Me: Everything okay? I missed you yesterday.

Shay: I’m dealing with some stuff at school. I’ve had some unexpected changes that complicate things.

Me: Can I help?

Shay: I need to do this myself.

Me: Will I see you at gymnastics tonight? Abi is excited.

Shay: No, Nic’s taking Lilly.

Me: You’re avoiding me.

Shay: I am. Kind of. Give me some space, Easton. We’ll talk, but I need to take care of me right now.

“What do you think about this one?” Carter asks, twisting the solitary diamond band between two fingers. “Is it too simple?”

I shove my phone into my back pocket and swallow my heartache. Because when your childhood best friend wants you to come along to pick out an engagement ring for the love of his life, you do it. “Simple isn’t a bad thing.” I study the diamond. “And that one doesn’t strike me as simple at all. Just . . . solid. Like you two.”

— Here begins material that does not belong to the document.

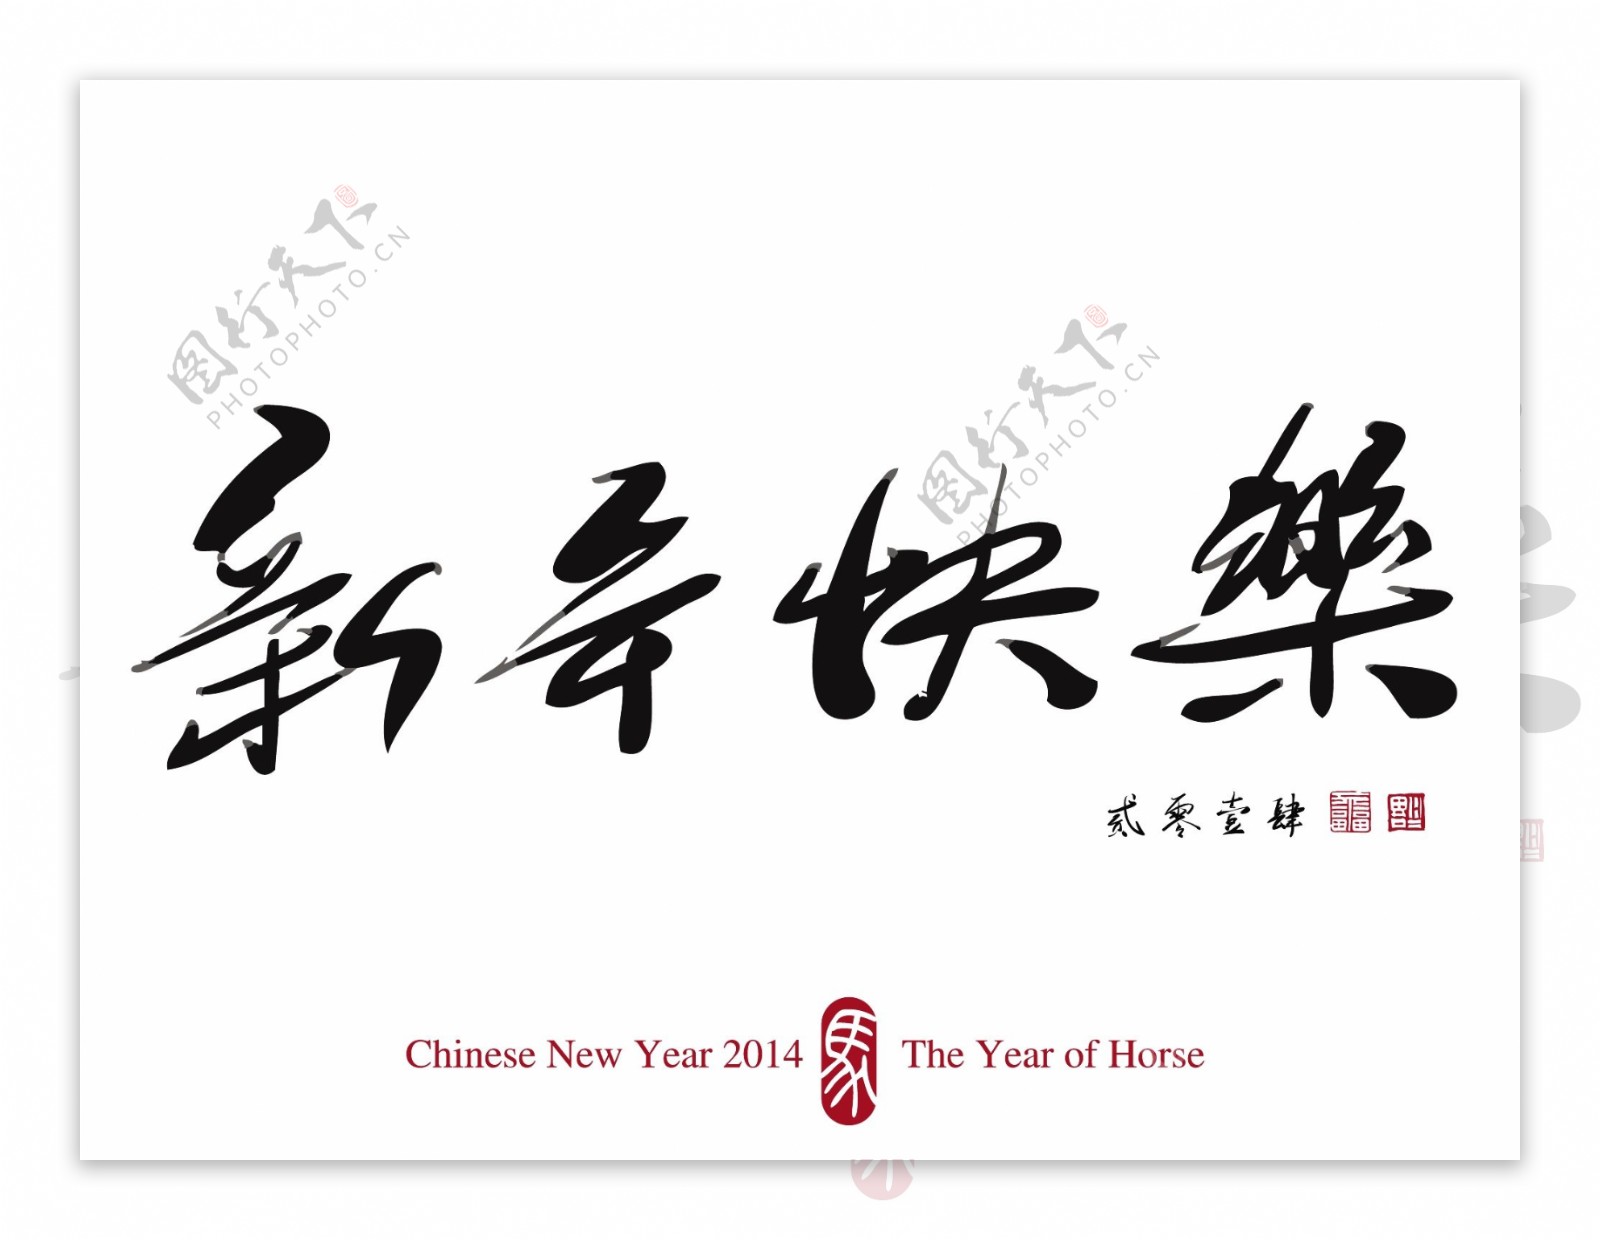 中国的新年书法2014翻译春节快乐2014

He grins. “I think so too.” His gaze flicks to the pocket where I just put away my phone. “Was that my sister?”

“Yeah.”

“She still avoiding you?”

I drag a hand through my hair. “Yeah.”

“Are you gonna do something about it?”

Do I look like an idiot? “She wants space.”

He frowns. “What’d you do?”

I shake my head. Carter doesn’t know about our history. I never told him about Paris or that she came to me when she found out their father was entering hospice care. Maybe it’s time to own up to all of it. “I didn’t do anything this time,” I say carefully. “But she has every reason to be cautious.”

“Meaning?”

“Listen, I’d like to tell you the whole thing, but if you beat in my face, you’re the one who has to explain your actions to my sweet, innocent daughter.”

His eyes go wide. “Oh, hell. We’re gonna need beer, aren’t we?”

I nod. “We should probably do this at the bar.”